Дорога медленно пошла вниз, плавно изгибаясь.
— Сейчас будет самолетик, — сказал Егоров.
За крутым поворотом открылось село, они проезжали по самой окраине, и прямо у дороги, на сером постаменте, блестел под последними, красными лучами солнца маленький серебряный самолетик с резко занесенными назад крыльями.
— Здесь летчик в войну разбился, — сказал Егоров. — На таран пошел. Представляете, на тар-ран. — И скрипнул зубами.
Шелестел под шинами асфальт. Надвигались пролеты моста.
— Это мост через Протву, — объяснил Егоров. — Как только проедем мост, — начнется Калужская область. Как только начнет подкидывать машину на ухабах — значит, уже Калужская область. Все очень просто.
Но машина пролетела и километр, и два, а все так же ровно, плавно и стремительно.
— Странно, — сказал Егоров. — Произведен процесс ремонта полотна?
— Два года прошло, — каким-то надрывным, резким голосом сказала жена. — Это ты все старыми представлениями живешь.
— Очень сложно мыслишь, — сказал Егоров, несколько смущенный этой резкостью. — А впрочем, не все ли равно, какими представлениями жить — лишь бы жить. В переводе на русский — ни одна блоха не плоха.
— Кончайте, ребята, — вмешался Рид. — Ты лучше расскажи, старик, где мы едем и что. Я слышал об этих местах, но ни разу не был.
— Сейчас мы с вами едем вдоль Оки, — механическим голосом начал объяснять Егоров. — Отсюда и дальше километров на сто начинается то, что называется заповедником среднерусской природы, типично среднерусским ландшафтом. А если серьезно, то это правда… Я здесь все места прошел с этюдником. Тогда мы и набрели на Марью Федоровну. Смотрим, дом в лесу стоит. Подошли, познакомились, жили у нее, приезжали. Так вот, все лето я здесь пробродил, и, знаешь, только здесь я вдруг понял, что это русская природа, осознал, так сказать, свою принадлежность. А это же не фиг. Где-то здесь, наверное, зарождалась напевная русская душа, черт ее побери…
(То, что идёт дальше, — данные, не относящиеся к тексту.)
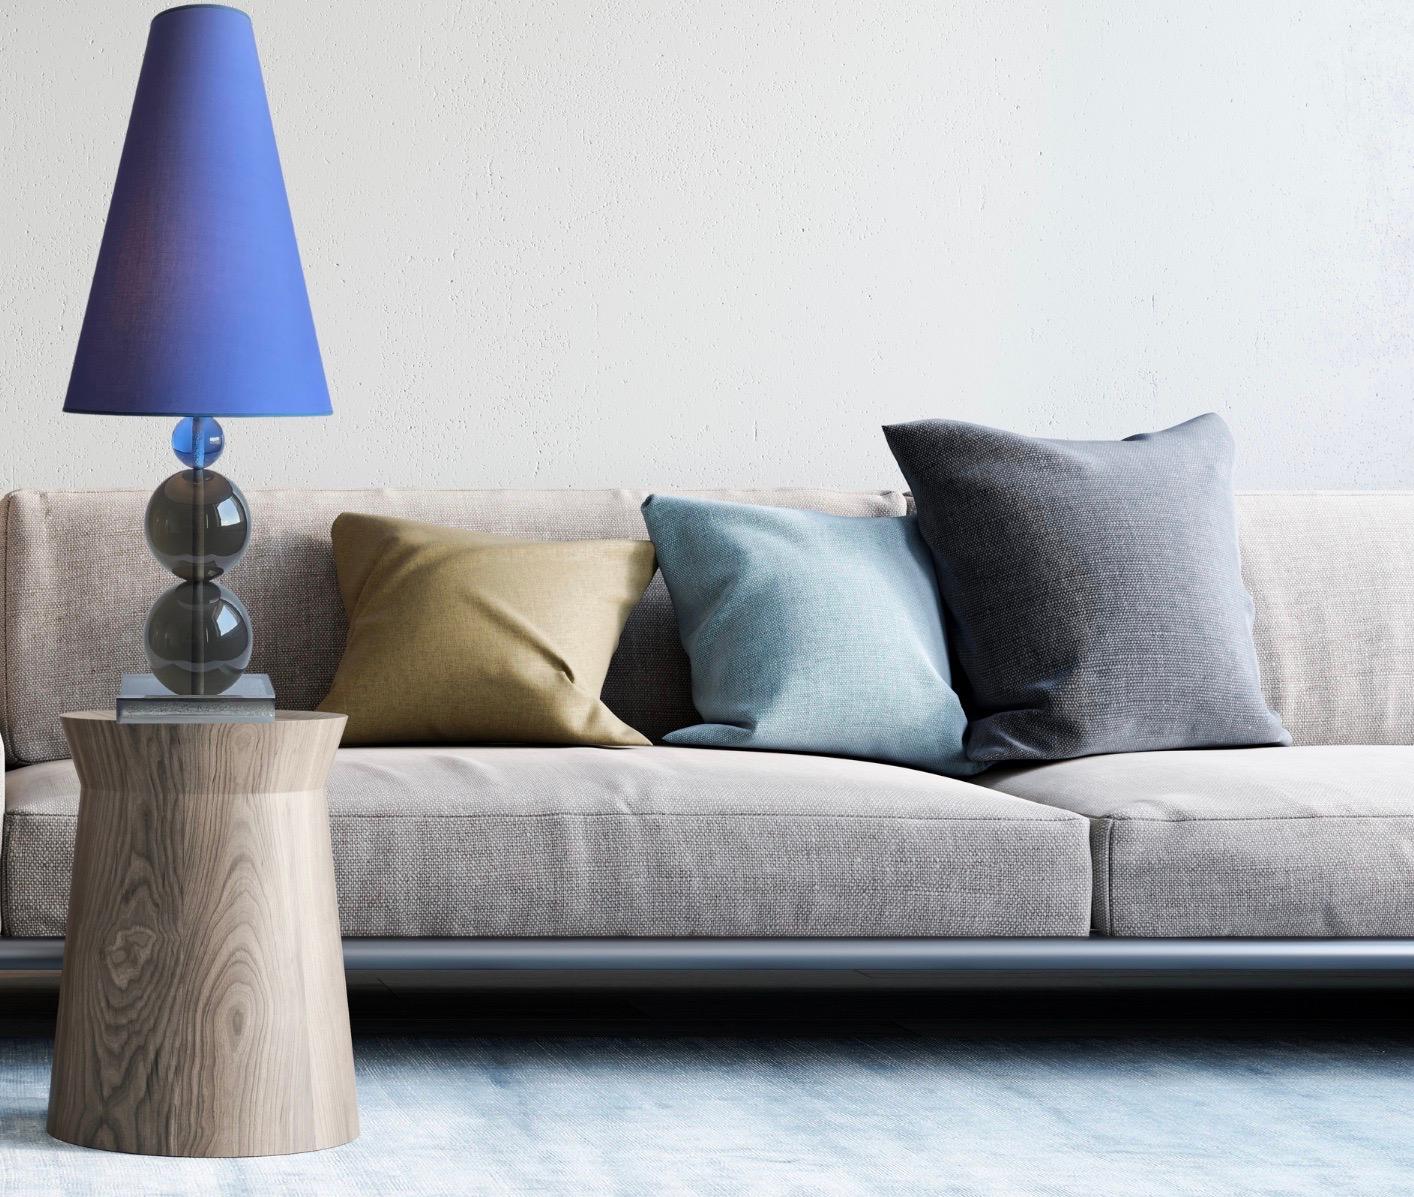 Italian Lampe de table élégante, polyvalente, 100% design italien, joyau de la maison en vente

— А жестокость, она тоже здесь зарождалась, под напевы? — тем же резким голосом бросила жена с переднего сиденья. Но Егоров не услышал, не расслышал ее, глядя на затухающие краски лесов. — Ты завтра все это увидишь! — говорил он с жаром. — Завтра все это увидишь — и сразу поймешь. Только до завтра дожить — и сразу поймешь…
— А написал ты здесь что-нибудь? — спросил Рид.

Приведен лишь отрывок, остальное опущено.